What makes a good C# book?

P

PhilipDaniels

I'm looking to write a C# book fairly soon, and the publisher I've
approached wants me to do a bit of market research to find out what
people like and don't like in this kind of book.

I've read loads of reviews of best-selling books on Amazon, so I've got
some ideas from there, but I'd be very interested in hearing what you
all think makes a good C# book.

Free gold bar/crate of beer/lap dance/trip to Bermuda with every book.

If you can't manage that, a copy in electronic form (searchable PDF)
is vital, because I can carry that with me on my USB drive wherever I
go.

Interesting and diverse examples/exercises. Please don't do a "lets
create a SalesOrder/OrderLines class" or I will be forced to go
postal!
 
J

John B

Jon said:
I'm looking to write a C# book fairly soon, and the publisher I've
approached wants me to do a bit of market research to find out what
people like and don't like in this kind of book.
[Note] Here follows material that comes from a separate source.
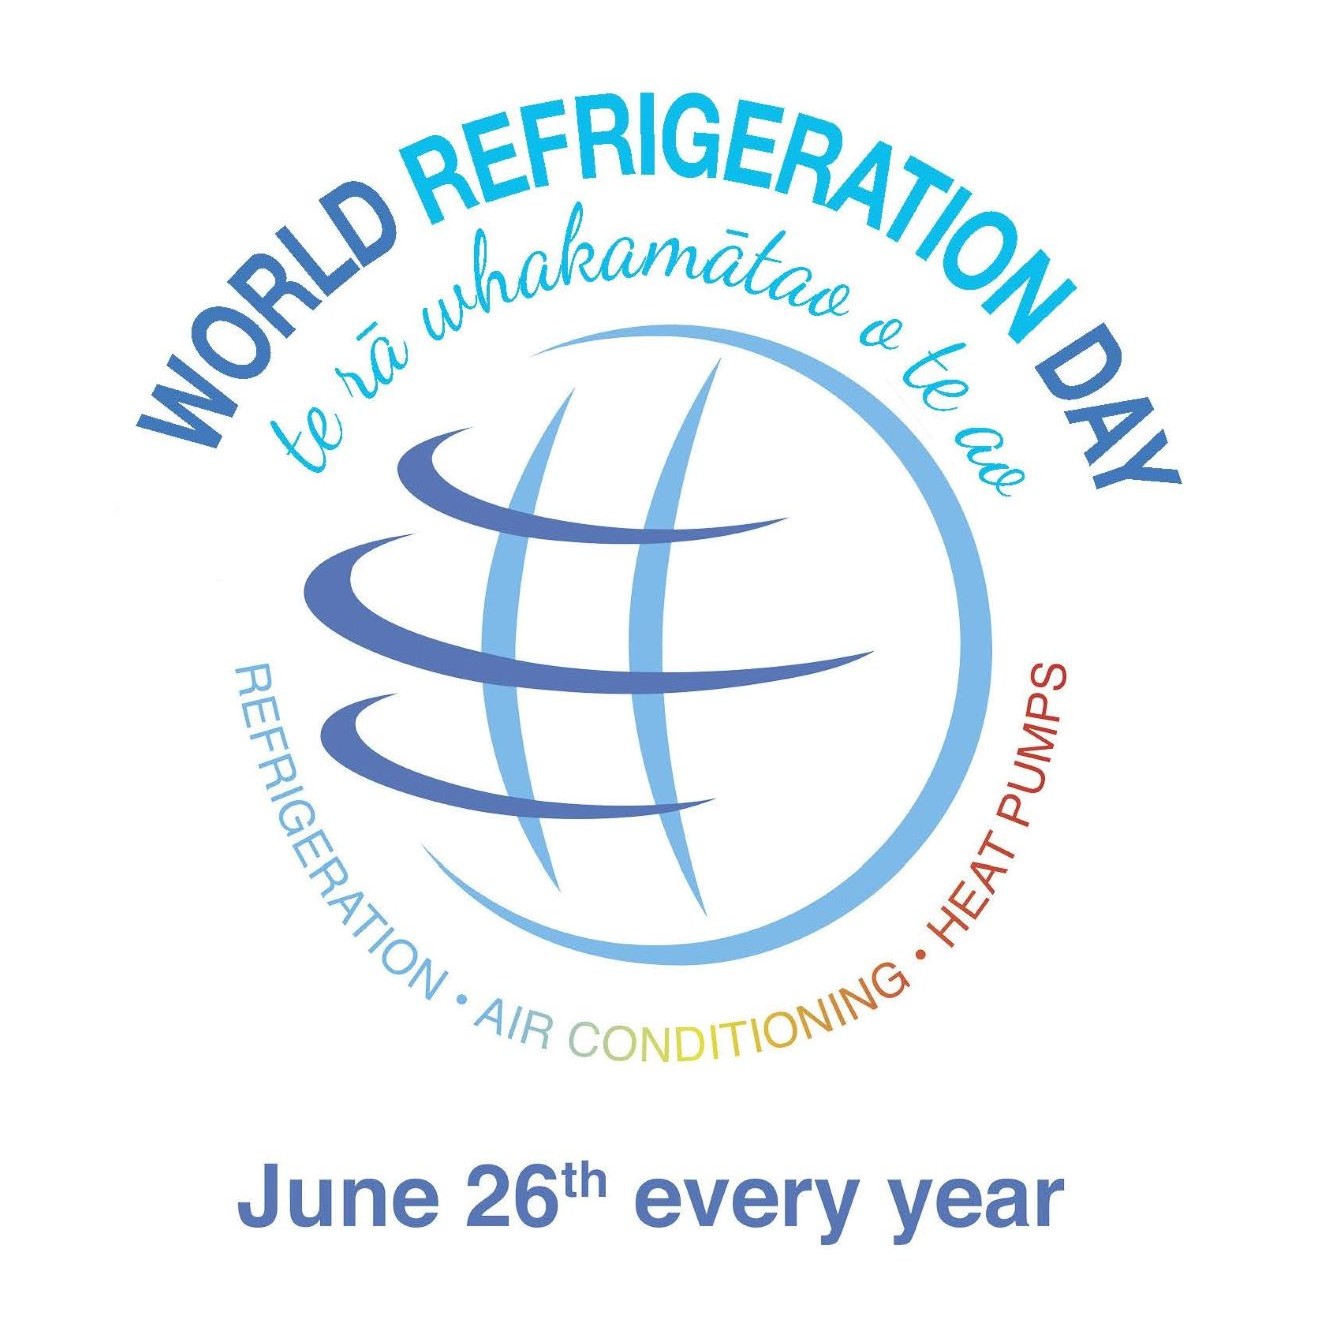 World Refrigeration Day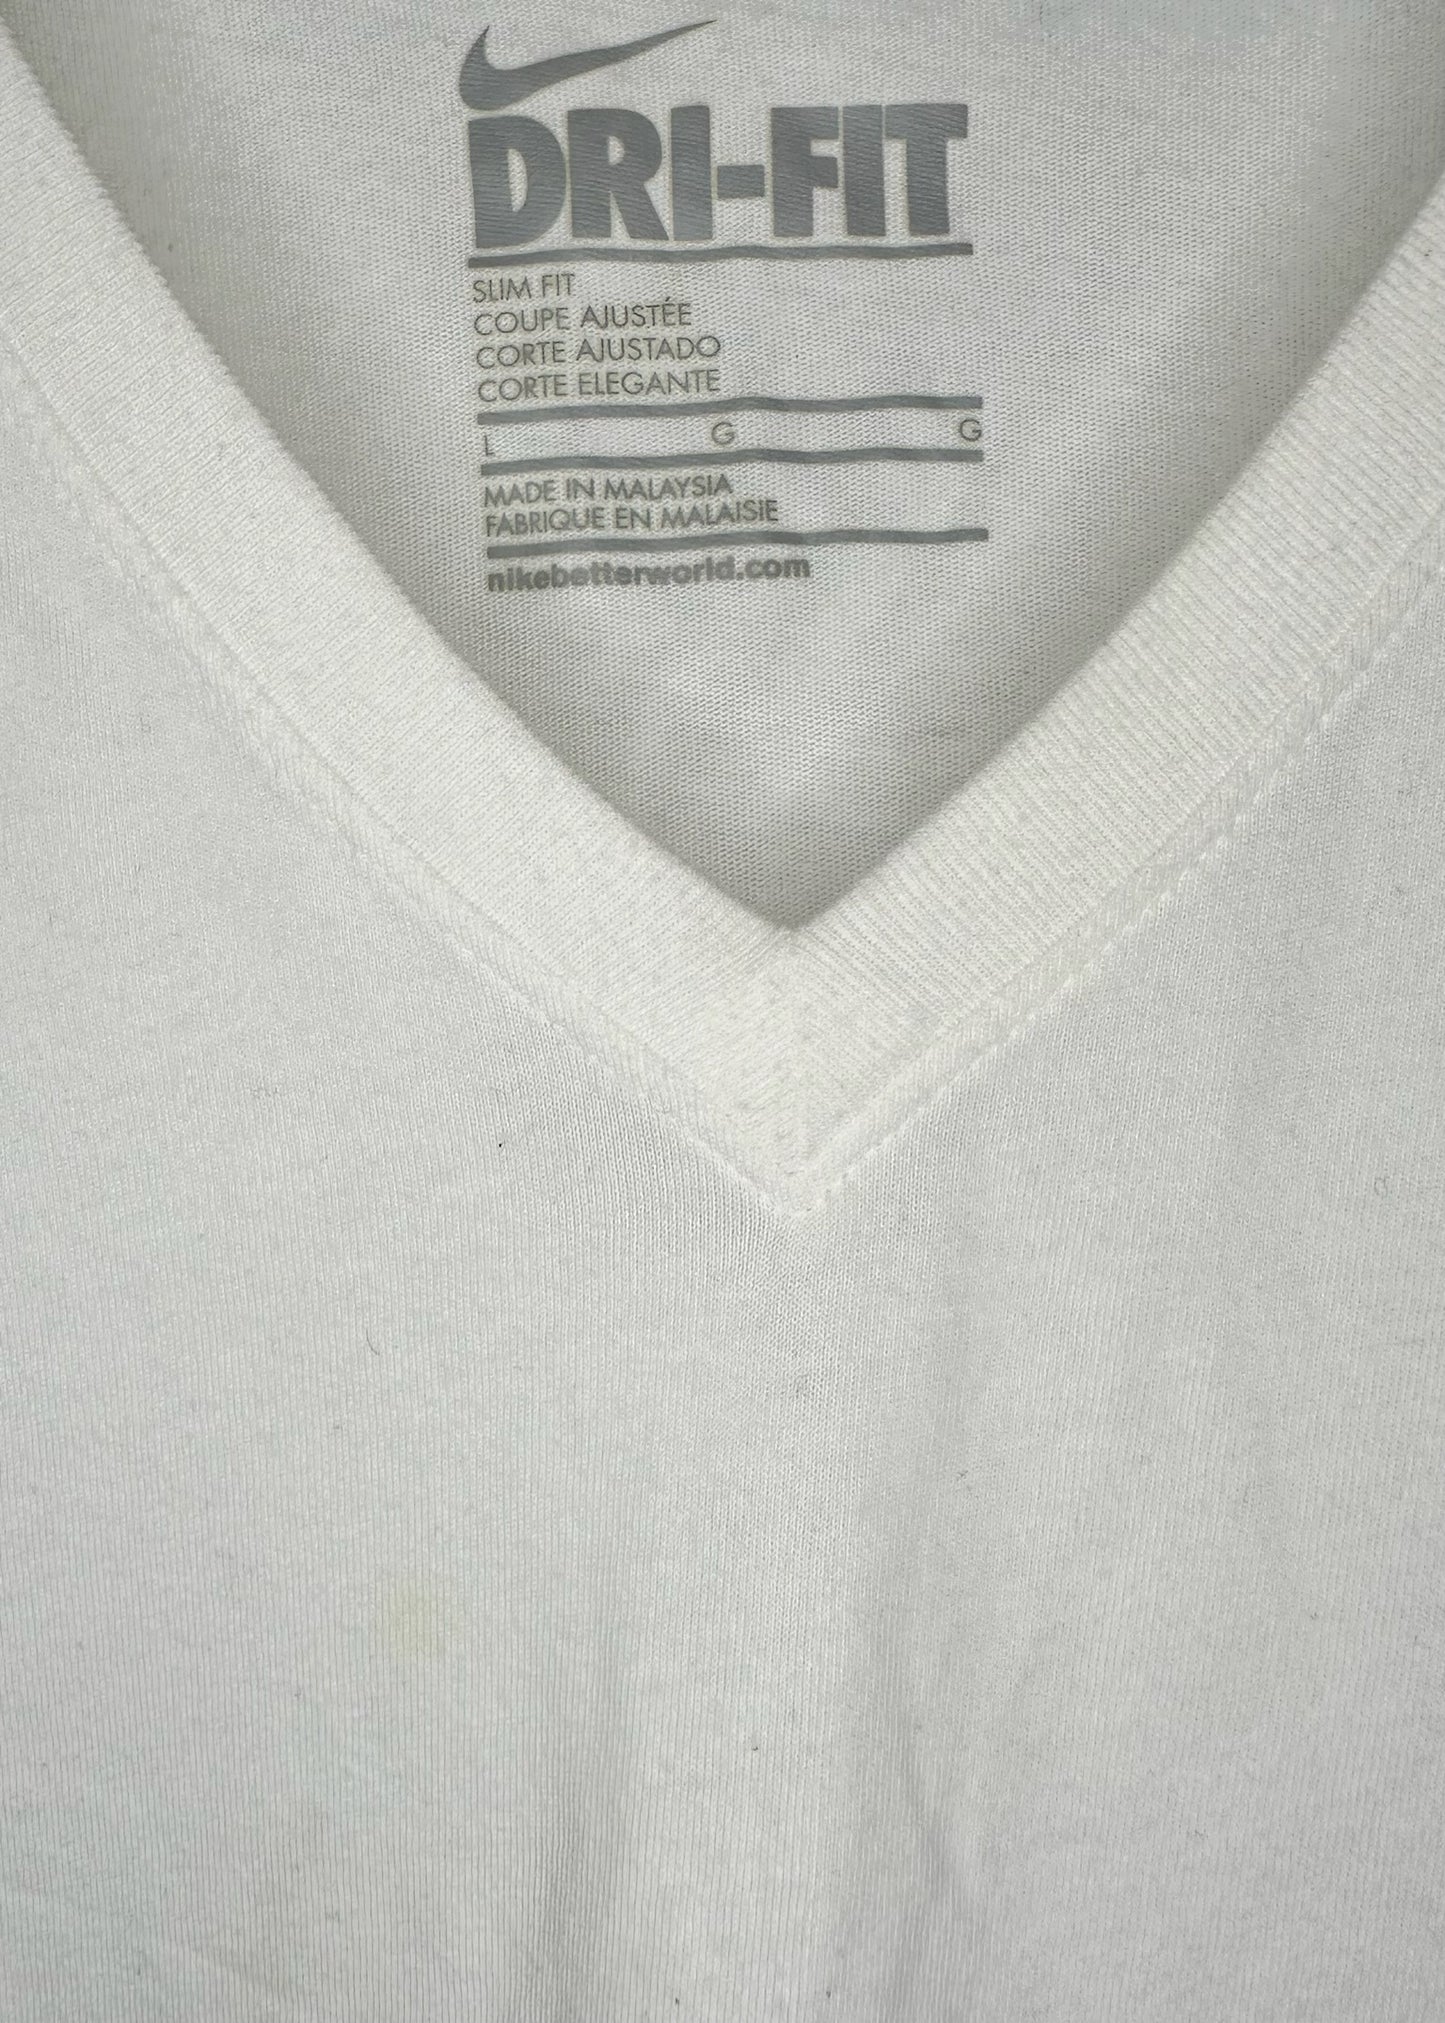 White Dri-Fit Shirt By Nike

I've read loads of reviews of best-selling books on Amazon, so I've got
some ideas from there, but I'd be very interested in hearing what you
all think makes a good C# book.

I'm interested primarily in stylistic things - how light-hearted, what
kind of code samples and how many, etc. Content suggestions are also
welcome, although I've a pretty good idea of what I want to do on that
front.

Anyway, all suggestions very welcome - either here or by mail. Thanks!
Real world examples (or lack thereof) is what annoys me about most books.
It's all well and good to explain how to do something but if there is no
explanation of where it would be useful or an explanation that I
cannot relate to it makes it a lot harder to take in.
An "story" such as, "I was facing this problem and this is how I solved
it" I find suits me well.
Light hearted with lots of amusing stories is always good in this sort
of reading.
Without knowing the planned content I cannot guess how many examples but
I like to see runnable example programs encompassing the printed code
available on the web or CD.

I'll look forward to seeing it :)

JB
 
R

RobinS

I read Tim Patrick's Start-to-Finish VB2005 book, and it was very humorous,
and kept me reading. But that's a really difficult way to write, I think.

My biggest gripe with books is they tell you HOW, but they don't tell you
WHY. They show HOW to use reflection, but don't tell you in what cases you
might want to. They explain how to create a bunch of DLL's and use them in
a project, but not WHY. They show how to use delegates, but not why you'd
want to. Drives me nuts.

But then, people post questions here about something they're trying to do,
and I don't understand why they're trying to do that. So maybe it's me.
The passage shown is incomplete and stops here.